▶ WHAT YOU NEED TO DO
Word for word, restate the lines of the listing below from the line with "veterans day calendar" through the line with "肇庆市力坚是一家主要生产不锈钢分水器的厂家。", and do not include the pictures.
*** Opening THE INPUT ***
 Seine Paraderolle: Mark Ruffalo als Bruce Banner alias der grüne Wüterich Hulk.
*** Closing THE INPUT ***
*** Opening THE INPUT ***
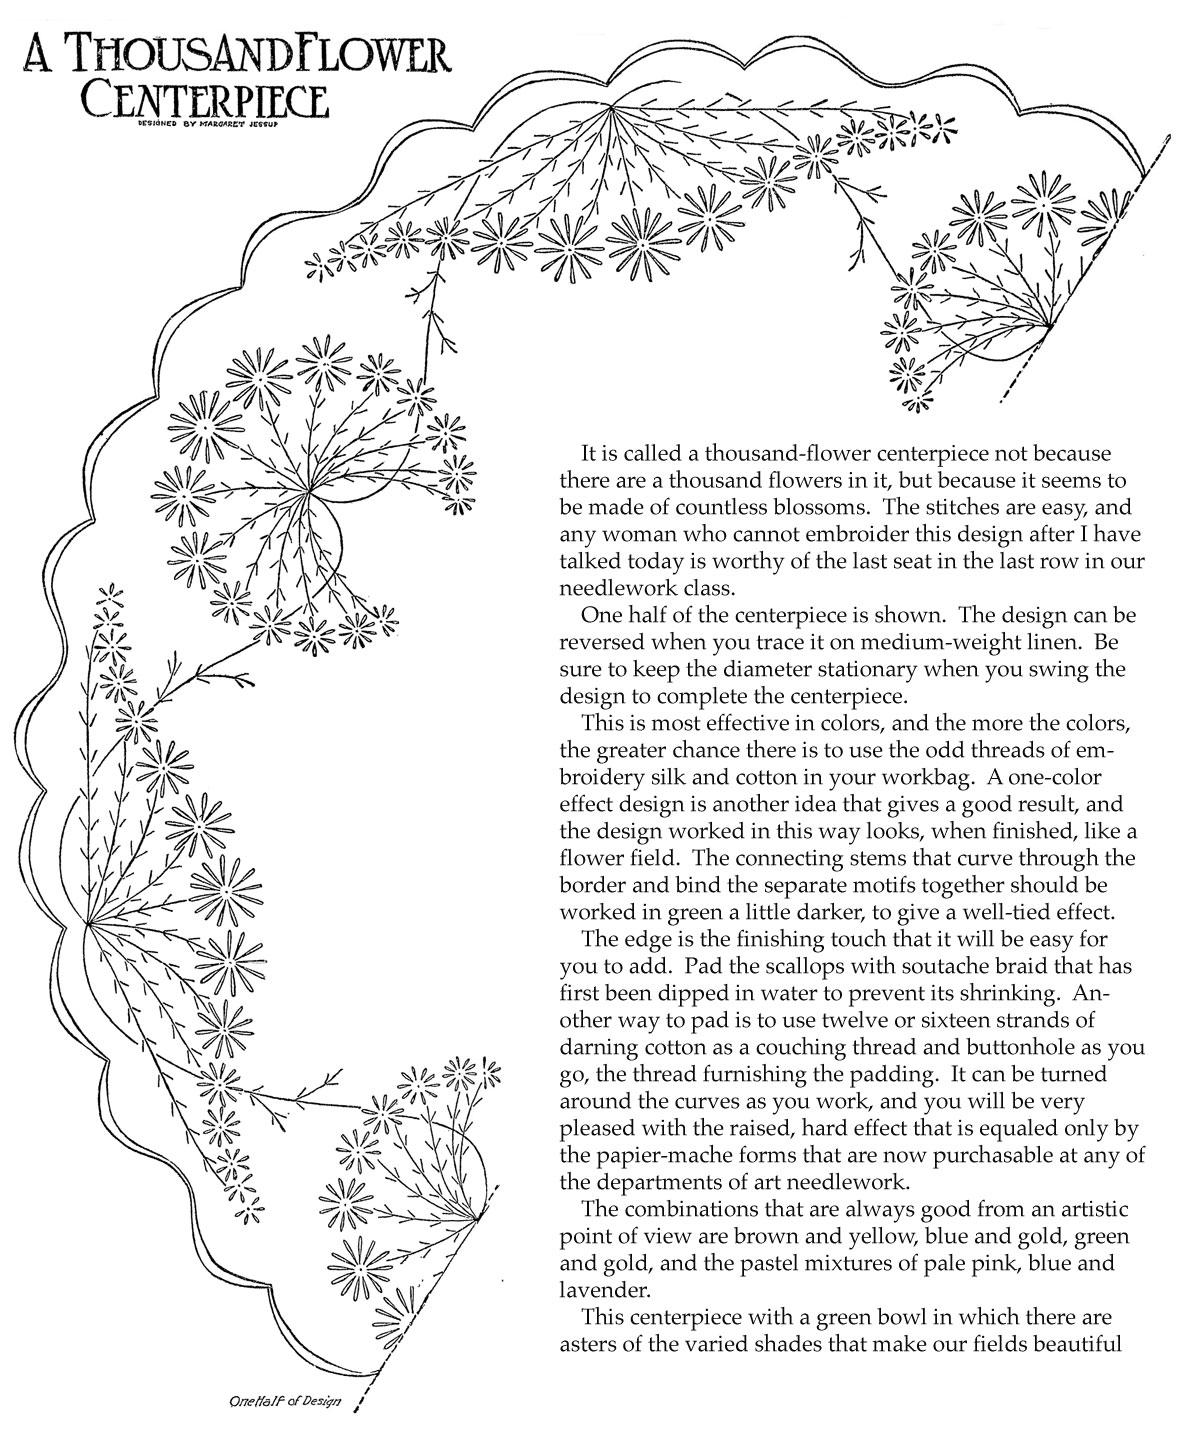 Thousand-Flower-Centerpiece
*** Closing THE INPUT ***
*** Opening THE INPUT ***
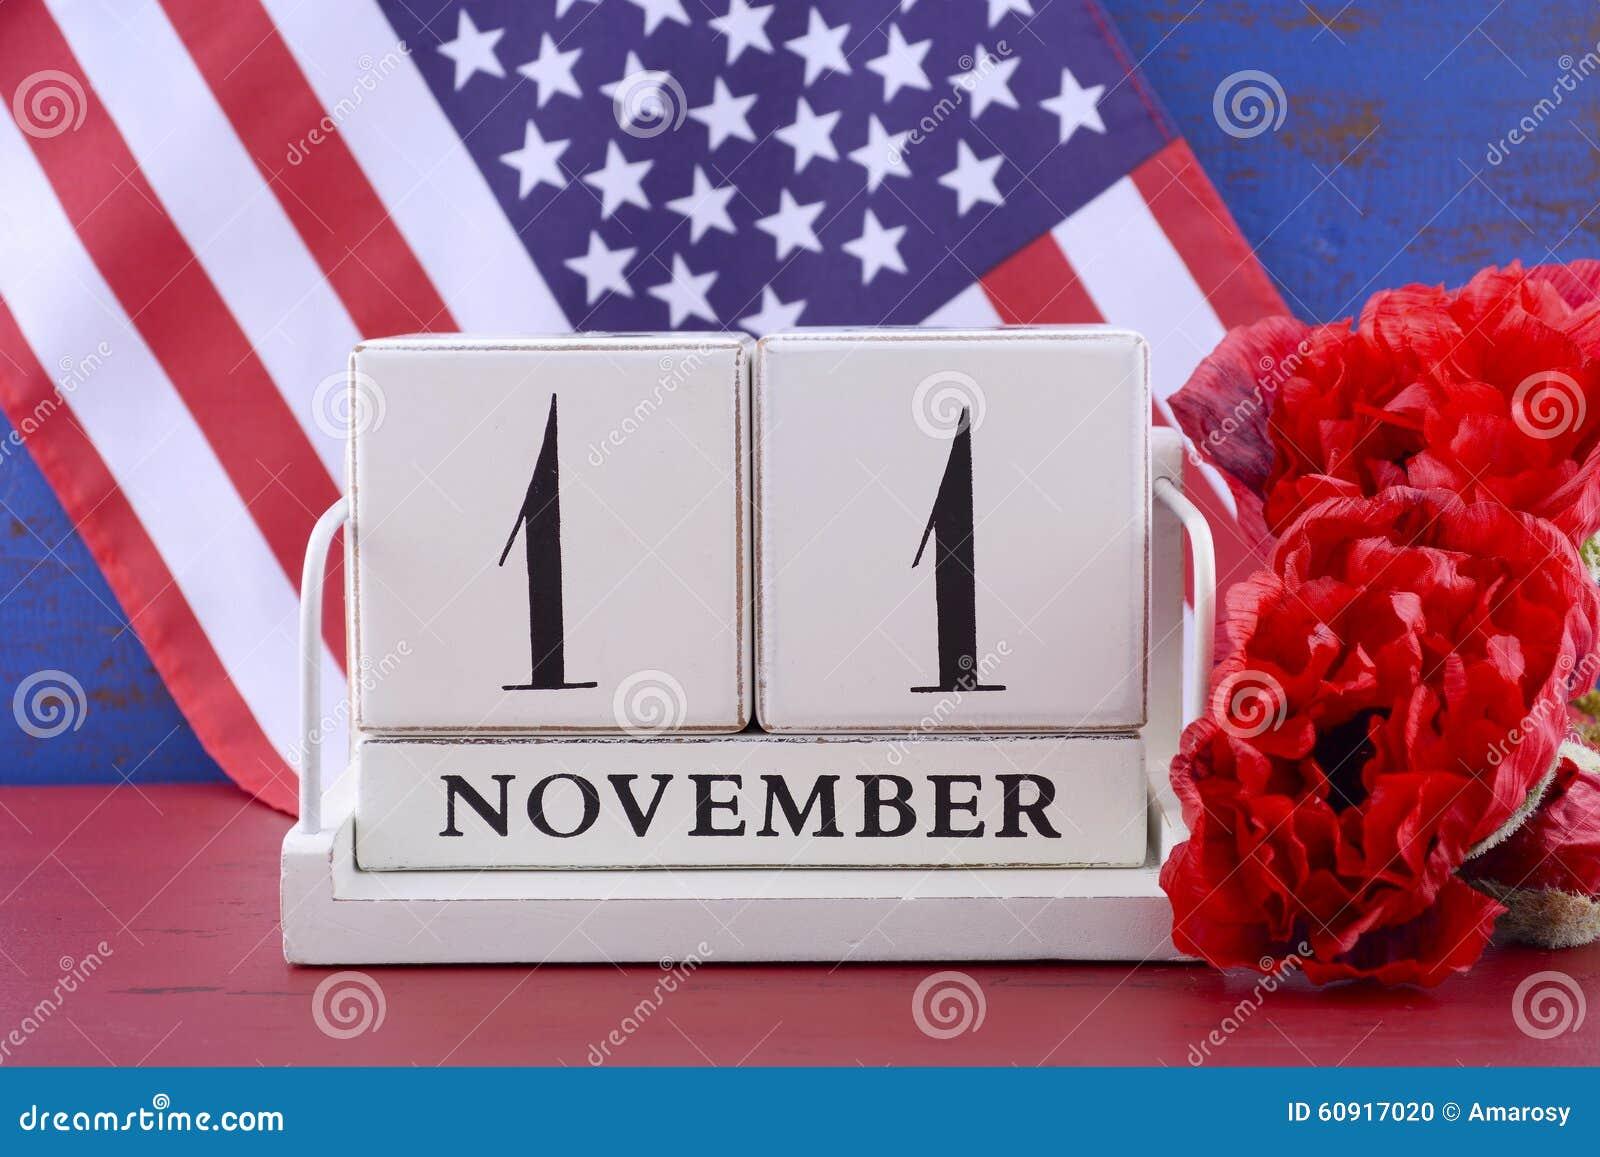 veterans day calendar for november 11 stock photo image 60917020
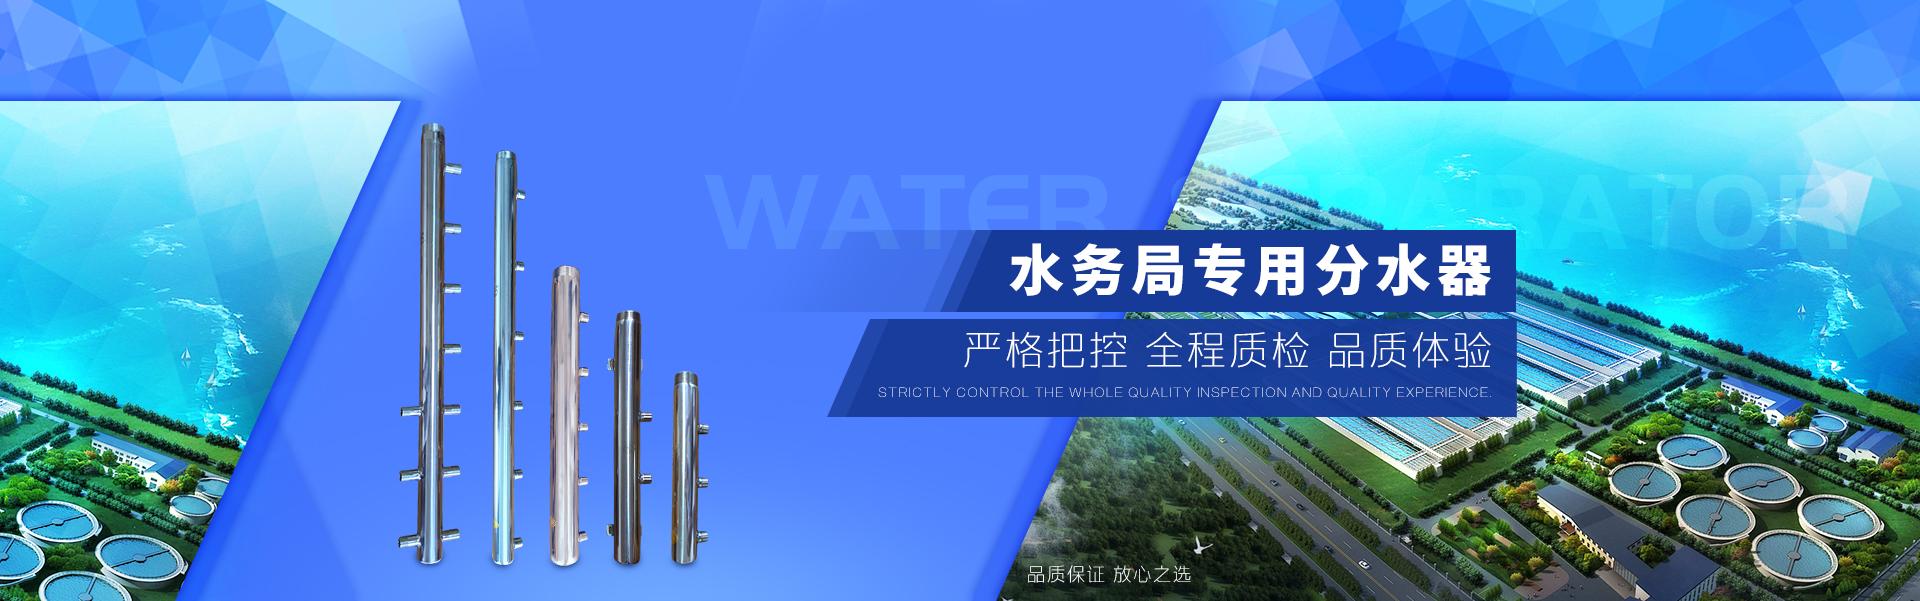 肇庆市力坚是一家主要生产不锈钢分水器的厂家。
*** Closing THE INPUT ***
▶ ANSWER BOX
 veterans day calendar for november 11 stock photo image 60917020
 肇庆市力坚是一家主要生产不锈钢分水器的厂家。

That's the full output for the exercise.